3) Your e-commerce site was successful in its first year of operation; however, you would like additional financing for expansion. You are intrigued by venture capital. Is it usually a good financing source for a small e-business?

 

Part 1

Information Technology e-business

An Information e-business idea is an excellent venture because most people want to and are searching the internet to obtain information. The information people seek in the internet can be research information, entertainment, business, sports and political information. There are many online sources of information but they will never satisfy the needs of the increasing number of researchers. An information e-business idea in the field of Information Technology is a wonderful business venture because I am an expert in this field.

This idea will enable me to provide information on advances in technology, hardware and software, new trends and careers in Information Technology.

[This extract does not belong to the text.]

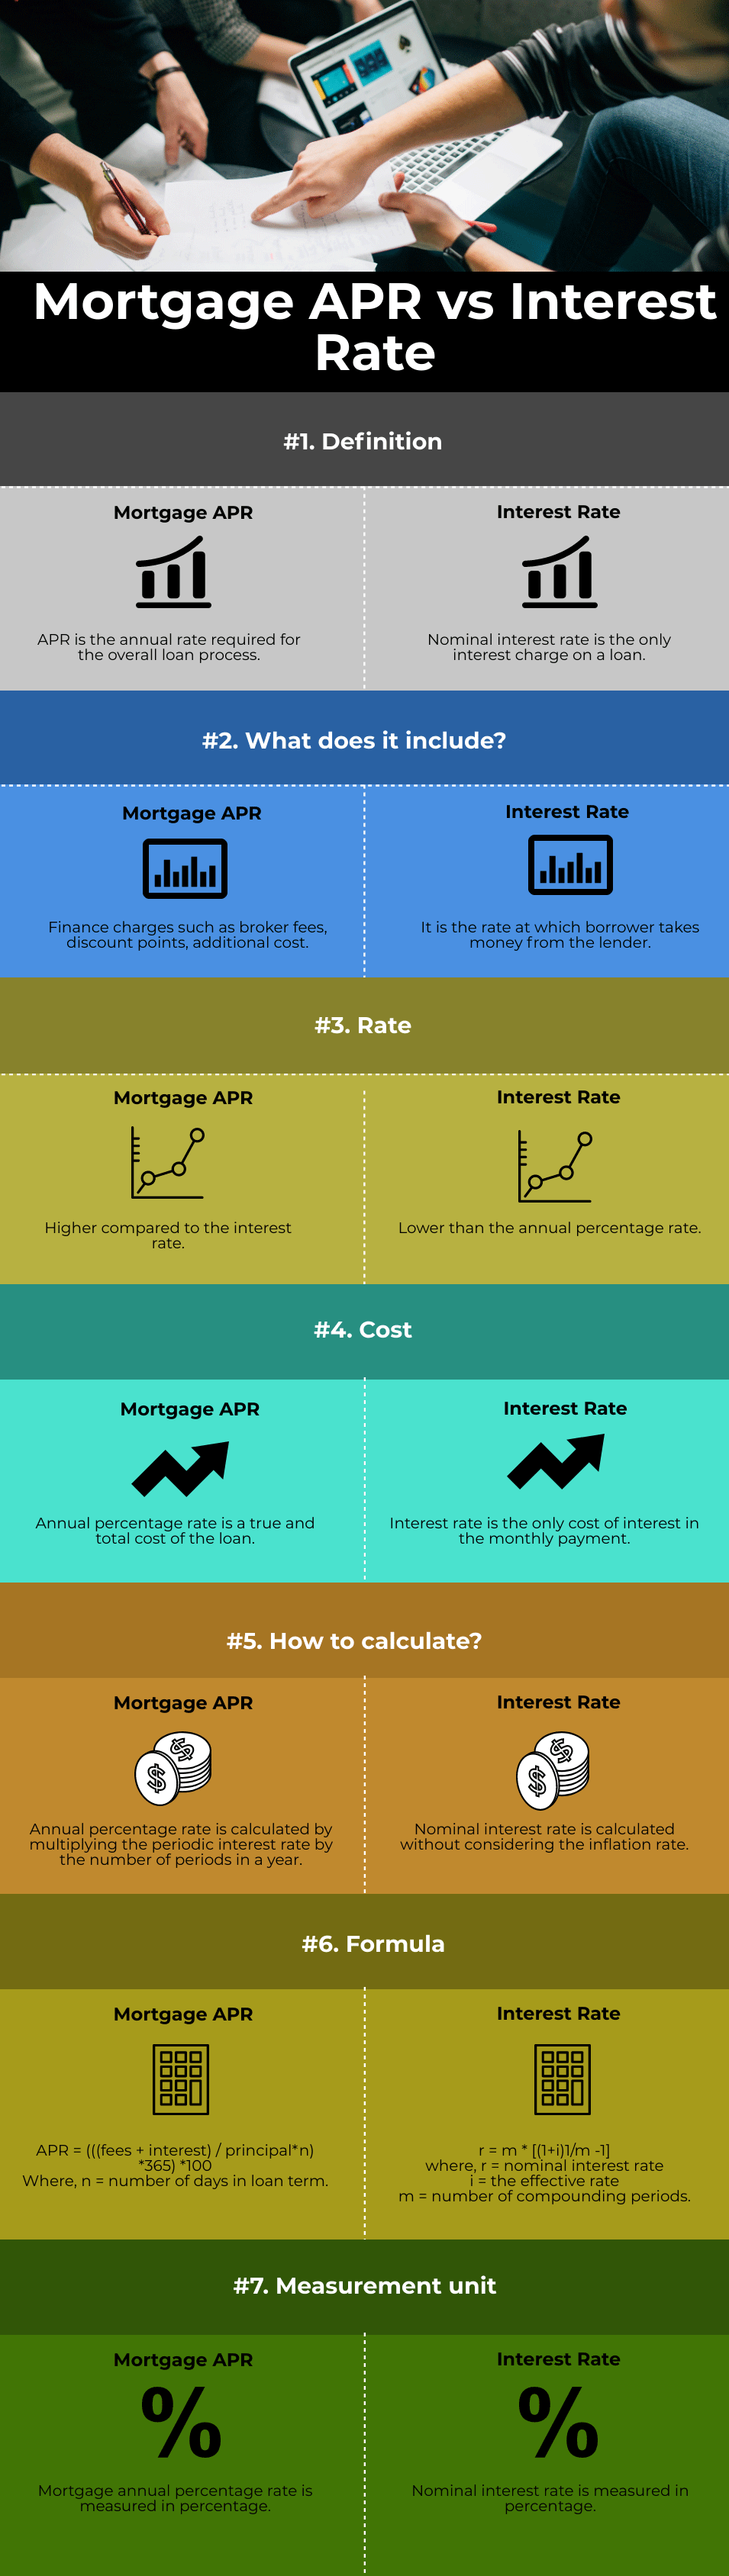 Mortgage APR vs Interest Rate

Since they are many websites, starting an online business will require investment of time and resources to make sure that the business will be noticed and taken seriously, (Greg, Shannon, Joel & Jason, 2008). Below are some startup costs for an Information Technology e-business.

 

Start up Cost Amount ($)
Setting up the   Website 15.00
Web Hosting 11.95
Marketing 24.95
Sending HTML   e-mails 20.00
TOTAL 71.90

 

The website will aim at boosting its ranking in the search engines. With increasing success of the e-business, the website traffic will increase which will lead to increase of the cost of web hosting. The prices for sending e-mails includes sending marketing HTML e-mails and these prices will be determined by the number of e-mails sent per month and the required tracking services. The start up costs in the table above represents costs per month except the costs for starting up the website.

Part 2

Google Inc. is a company that provides search engine facility and because of their simple approach in searching and its high quality search results, its popularity has grown over time. Below are the details obtained from the company’s 2010 annual financial report that is used to determine whether the balance sheet actually balances or not.

Google Inc. Annual Data for Period ending 31 December 2010

Current Assets = 41,562,000 

Total Assets = 57,851,000 

Current Liability = 9,996,000 

Total liability = 11,610,000

Owner’s equity = 46,241,000

The total assets of the company include all property owned by the corporation while the total liabilities represent the sum of all monetary obligations of the company and all claims that creditors have on the company’s assets. The owner’s equity represents what the business owes the shareholders because they have invested in the business.

Total Assets = Total Liability + Owner’s Equity

Total Assets (Google Inc.) = 11,610,000+ 46,241,000

                                             = 57,851,000 

From the calculated amount for total assets, it can be seen that it matches with the amount provided in the Google’s annual data for the period ending 31 December 2010. This shows that the balance sheet balanced.

Part 3

Venture capital is the money that is obtained from other sources and is a source of financing for a new, normally high risk business venture such as introducing a new service or product or to expand the business. In this case, the Information Technology e-business has been successful and there is a desire is to expand it.

Venture capitalists usually get interested in businesses that they think will turn into a successful investment. The institutions that provide venture capital expect very high returns because they take a high risk when they invest in the business. The venture capitalists may lend their expertise to help the business to succeed. Venture capital firms take an ownership stake in the companies they invest in and they usually need access to the financial information of the company.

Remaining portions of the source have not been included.